The records START

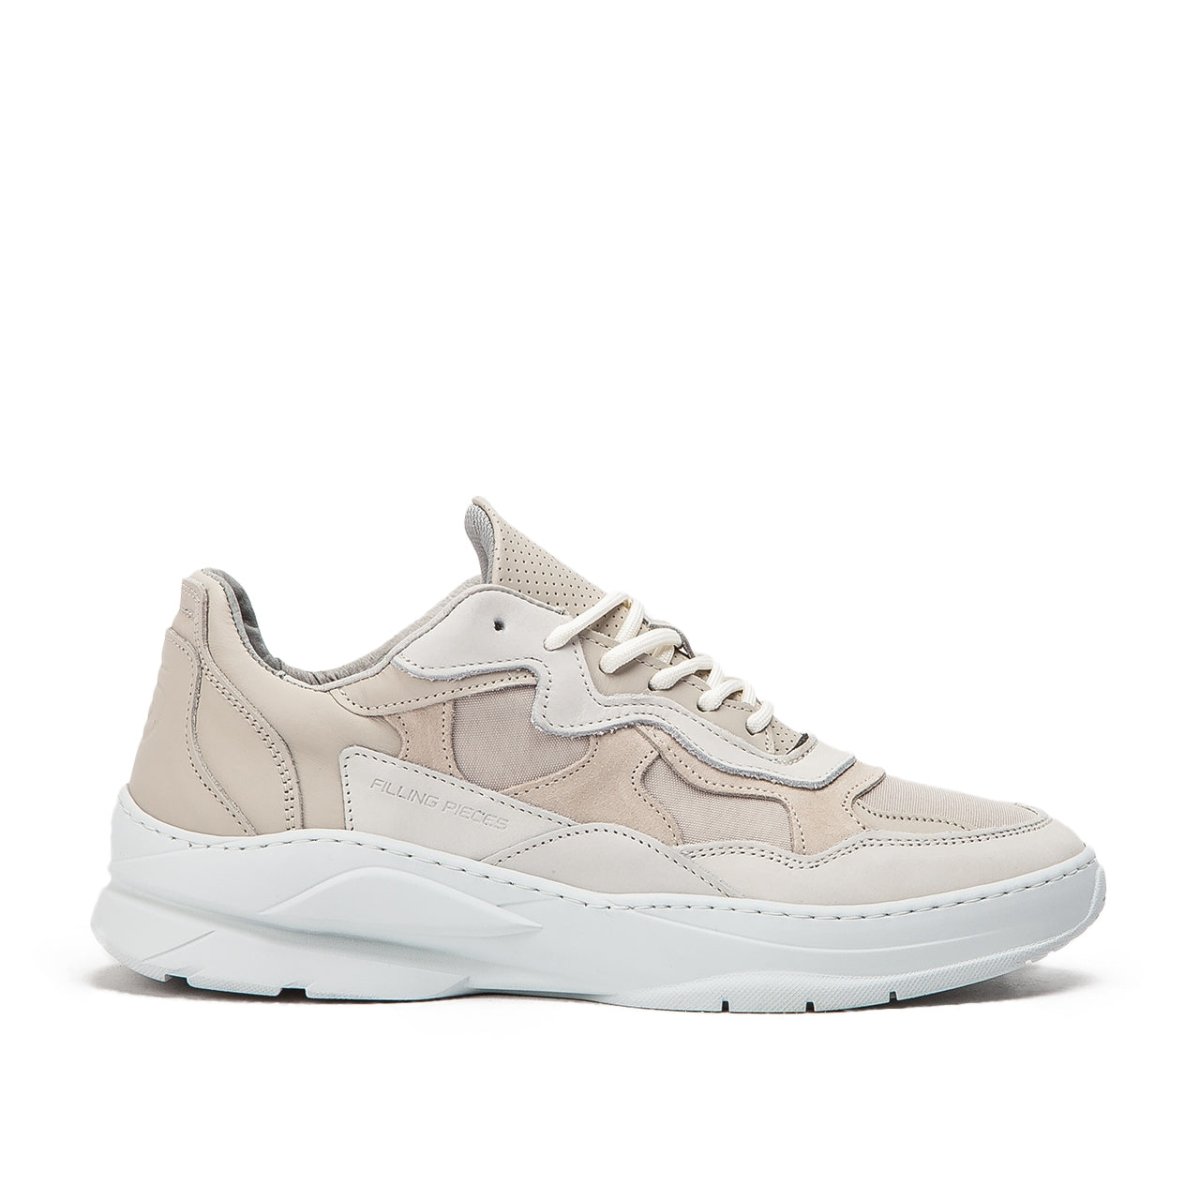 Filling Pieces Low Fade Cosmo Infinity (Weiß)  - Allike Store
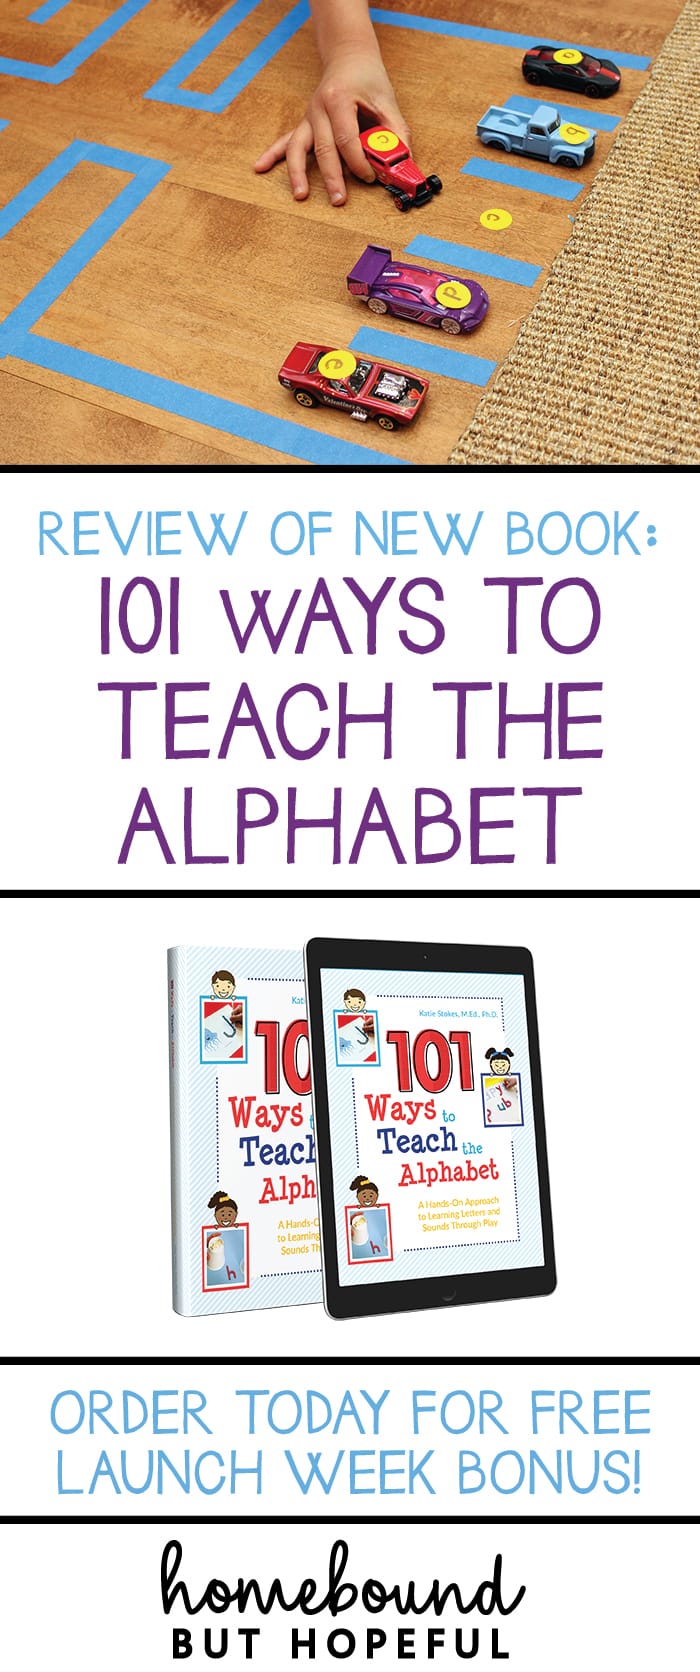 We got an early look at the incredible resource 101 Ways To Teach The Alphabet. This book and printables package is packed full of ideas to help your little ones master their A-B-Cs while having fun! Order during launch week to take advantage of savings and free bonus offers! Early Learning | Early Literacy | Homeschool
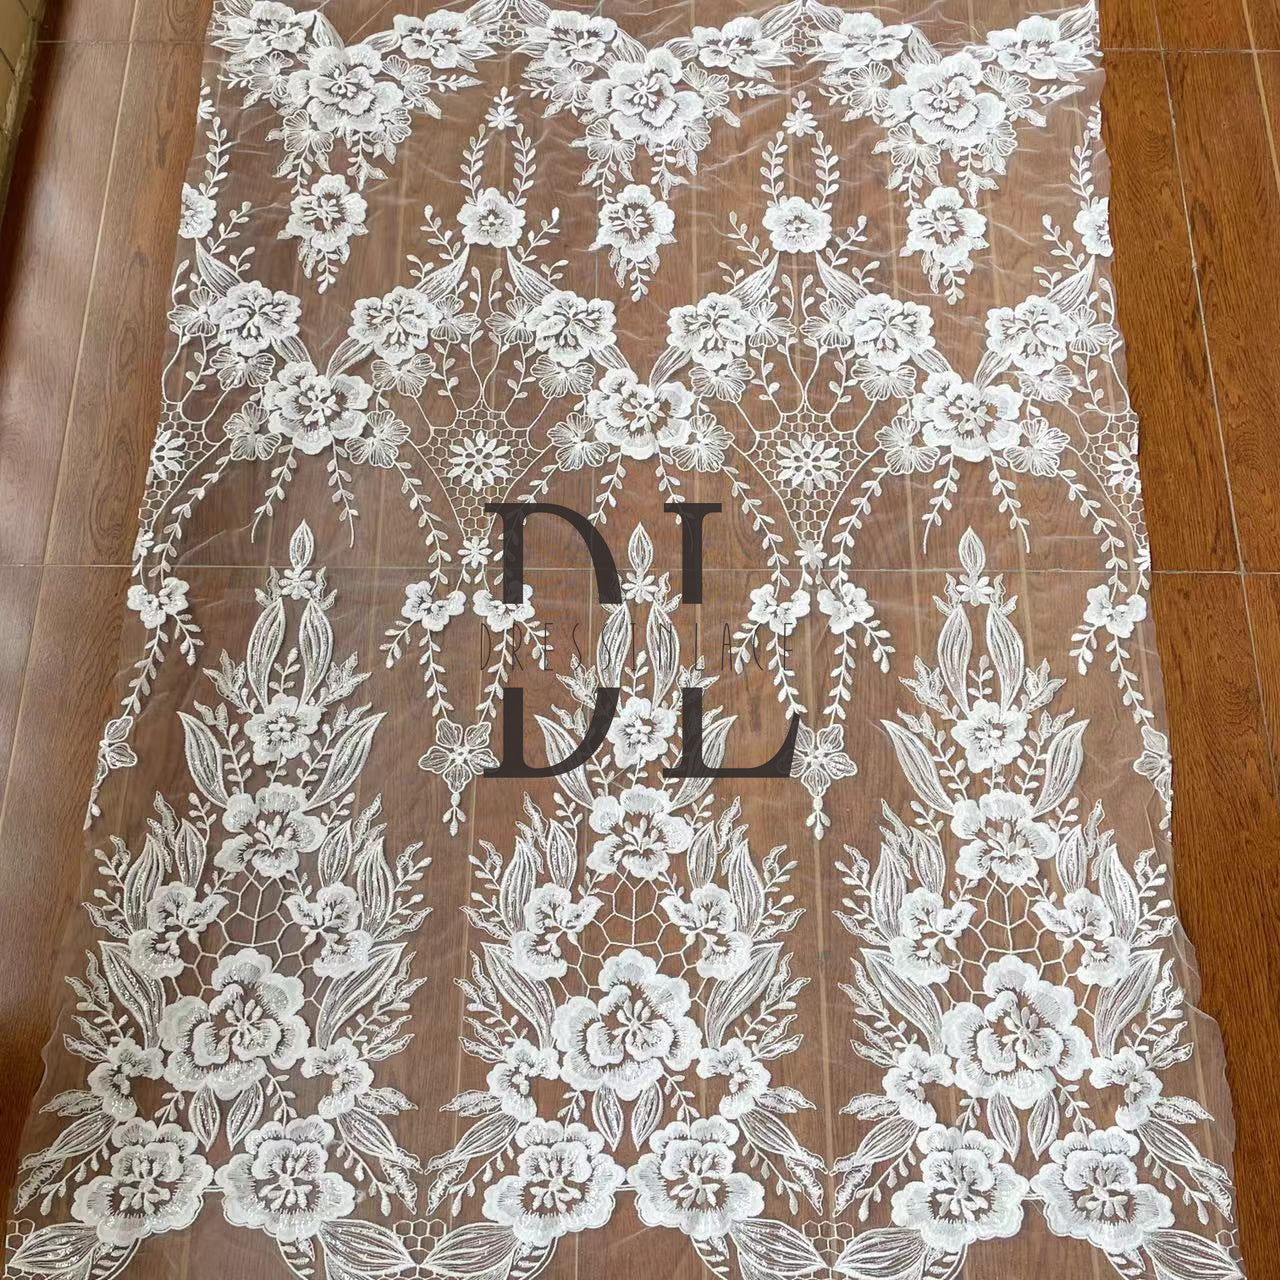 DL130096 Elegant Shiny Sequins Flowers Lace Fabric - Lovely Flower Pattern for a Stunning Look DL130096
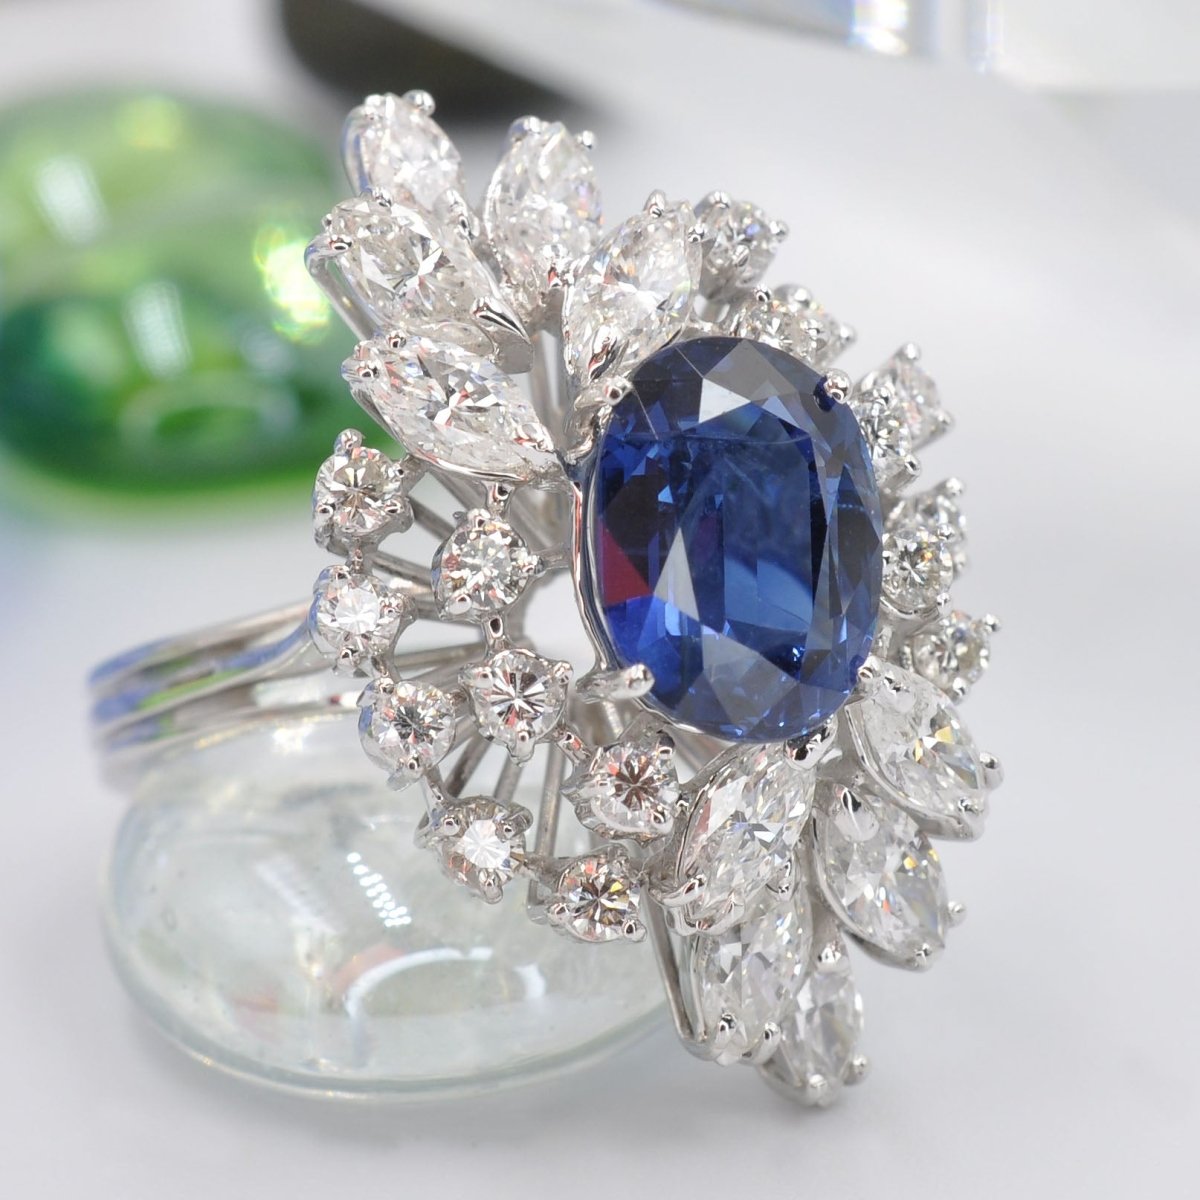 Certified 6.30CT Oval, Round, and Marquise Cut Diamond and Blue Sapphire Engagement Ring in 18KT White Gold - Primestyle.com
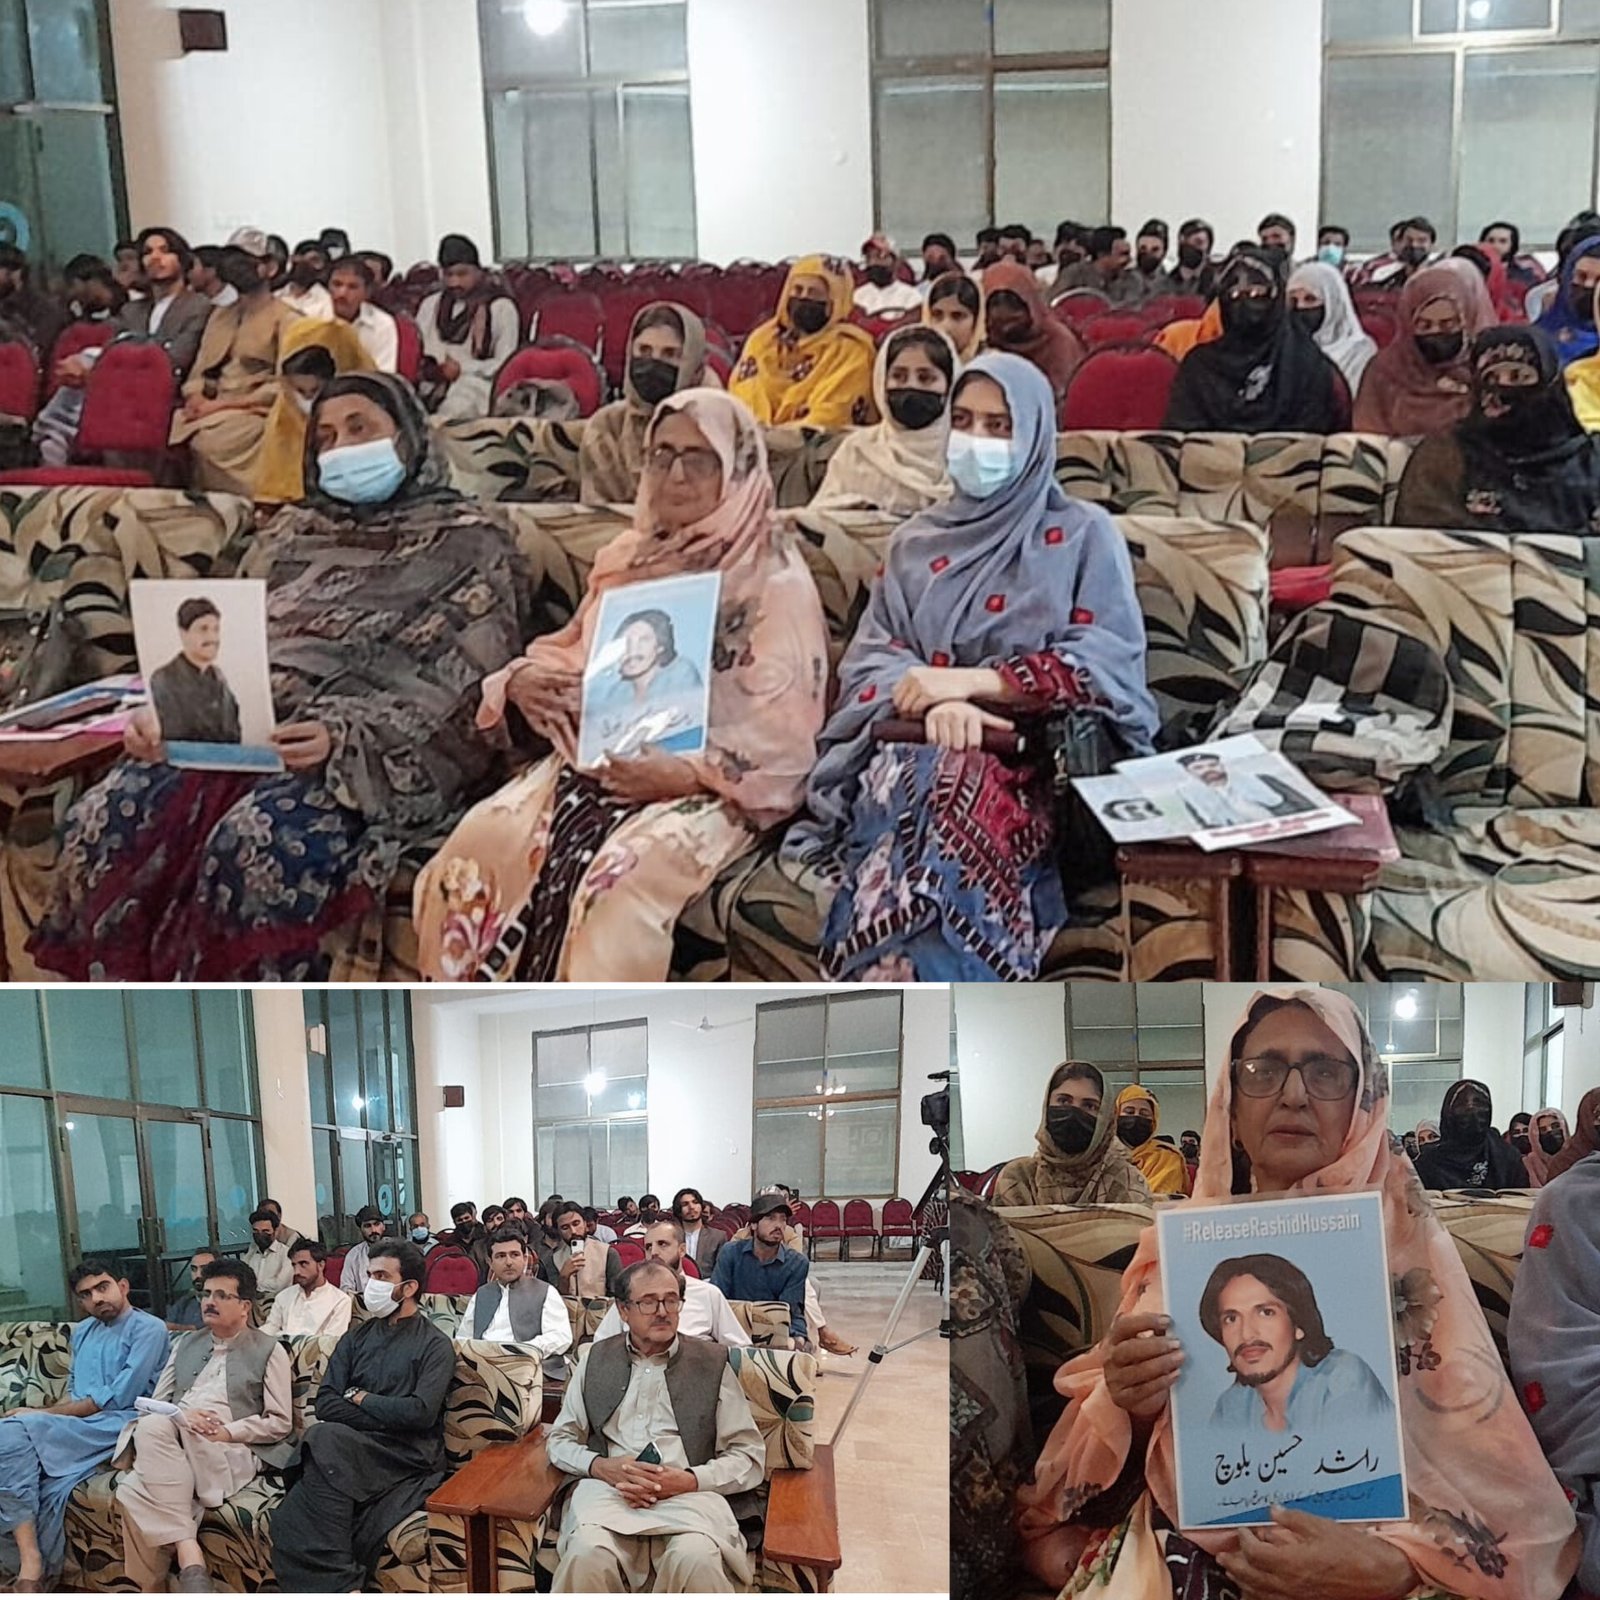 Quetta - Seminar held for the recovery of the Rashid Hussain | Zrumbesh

The records END

Problem requirements | What you write must match, line for line, the records from the line containing "DL130096 Elegant Shiny" through the last line, with every picture left out.

Solution for this exercise |
 DL130096 Elegant Shiny Sequins Flowers Lace Fabric - Lovely Flower Pattern for a Stunning Look DL130096
 Certified 6.30CT Oval, Round, and Marquise Cut Diamond and Blue Sapphire Engagement Ring in 18KT White Gold - Primestyle.com
 Quetta - Seminar held for the recovery of the Rashid Hussain | Zrumbesh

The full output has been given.